Unorthodox mechanical microsystems for drug delivery
Time: Fri 2025-12-19 10.00
Location: Kollegiesalen, Brinellvägen 8, Stockholm
Language: English
Subject area: Electrical Engineering Medical Technology
Doctoral student: Theocharis N. Iordanidis , Mikro- och nanosystemteknik
Opponent: Professor Roger Narayan, North Carolina State University, Raleigh, NC, USA
Supervisor: Professor Niclas Roxhed, Mikro- och nanosystemteknik; Professor Göran Stemme, Mikro- och nanosystemteknik
QC 20251107
Abstract
Microelectromechanical systems (MEMS) offer powerful solutions for drug delivery where biological barriers limit the potential of advanced therapeutics. This thesis demonstrates how unorthodox applications of microfabrication techniques can create novel platforms to overcome drug delivery challenges, enhancing the delivery of potent and fragile biologics.
The first part of this work focuses on implantable systems. An ultrasonically actuated micro-implant is presented, which exploits mechanical resonance not for sensing but for the selective, on demand destruction of reservoir membranes. This enables remotely triggered drug release without onboard power or electronics. Building on this, a miniaturized ultrasonic energy harvester is developed, integrating a high-performance, bulk piezoelectric material (PZT-5H) via a novel low-temperature bonding process, creating a robust power source for future active implants.

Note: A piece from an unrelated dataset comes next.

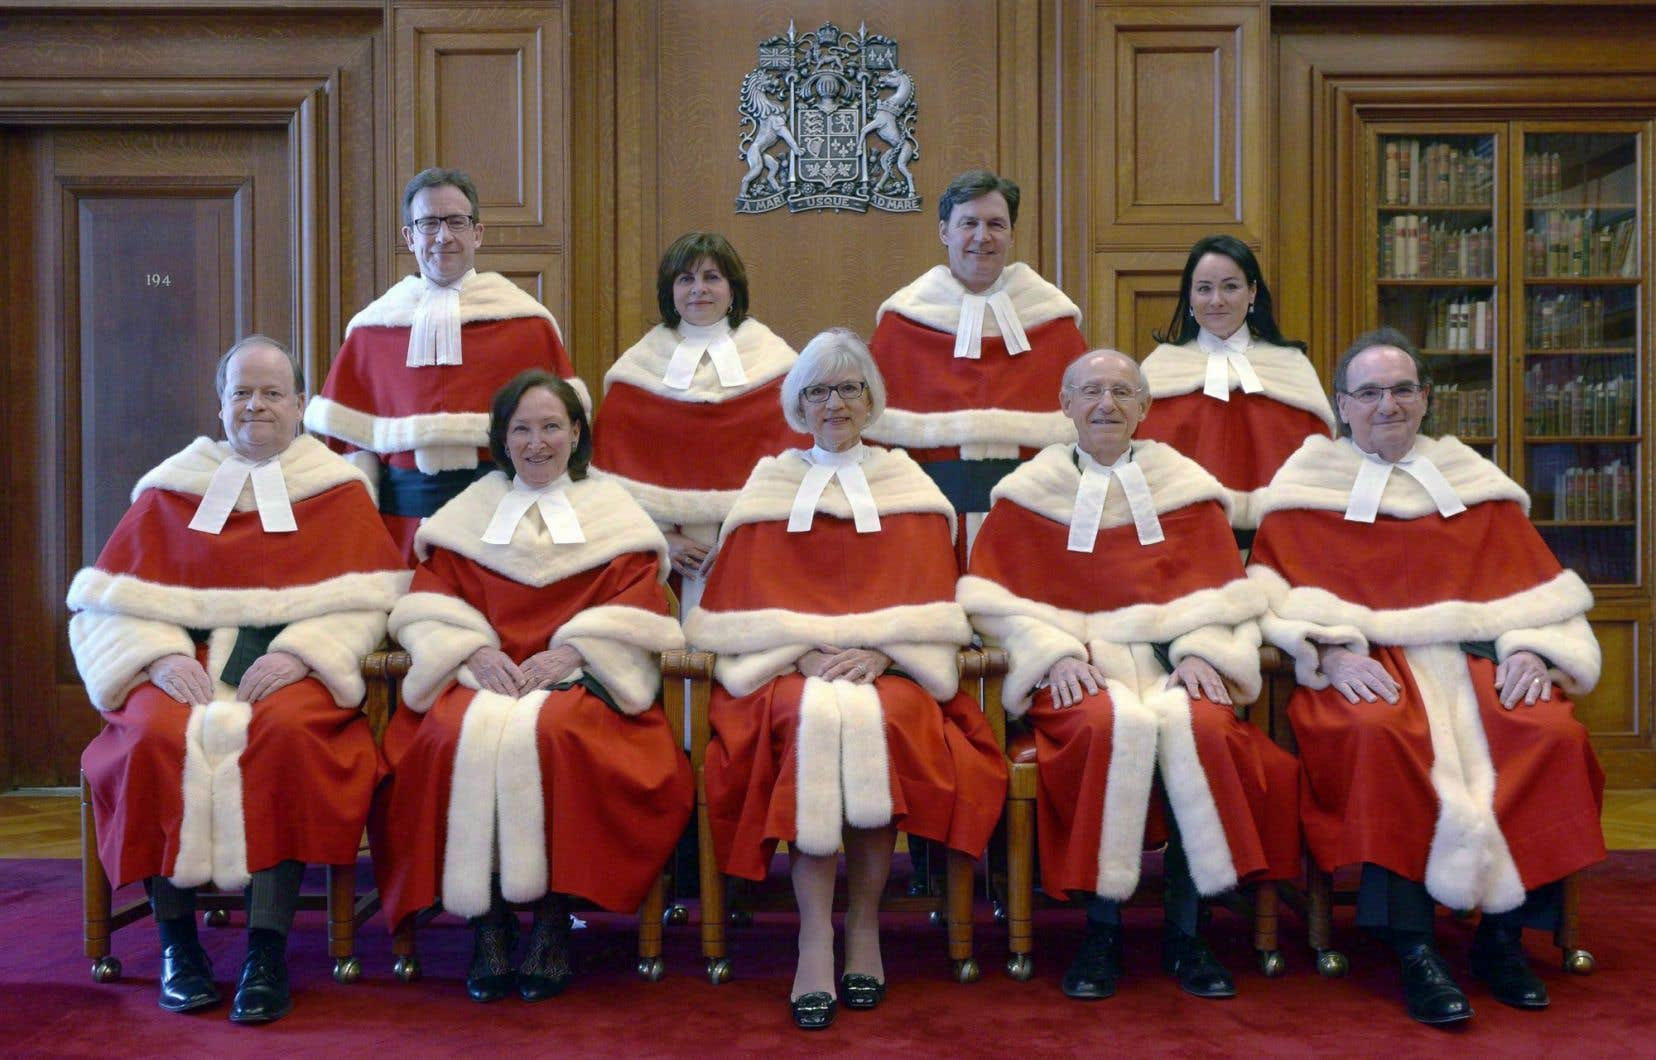 Le juge qui représente les Maritimes, Albert Cromwell (première rangée à gauche), sera remplacé cet automne. Mais rien dans le nouveau processus ne garantit un représentant des provinces atlantiques.

The second part explores two-photon polymerization (2PP) to fabricate complex 3D microstructures for non-invasive delivery. First, rolling ultra-miniaturized microneedle spheres (RUMS) are introduced. Unlike traditional flat microneedle patches, these 3D particles are suspended in topical formulations to gently and repeatedly disrupt the skin’s stratum corneum, enabling the effective transdermal delivery of biologics. Second, a micro-swirl nozzle, a design typically found in internal combustion or agricultural applications, has been developed to aerosolize fragile biologics. This geometry generates a fine mist suitable for deep lung deliverythrough a low-shear mechanism, preserving the integrity of sensitive payloads like lipid nanoparticle (LNP)-encapsulated mRNA.
Collectively, this work showcases a versatile approach to biomedical engineering, where the precise control of micro-scale geometry and physics is leveraged to solve persistent challenges in therapeutic delivery.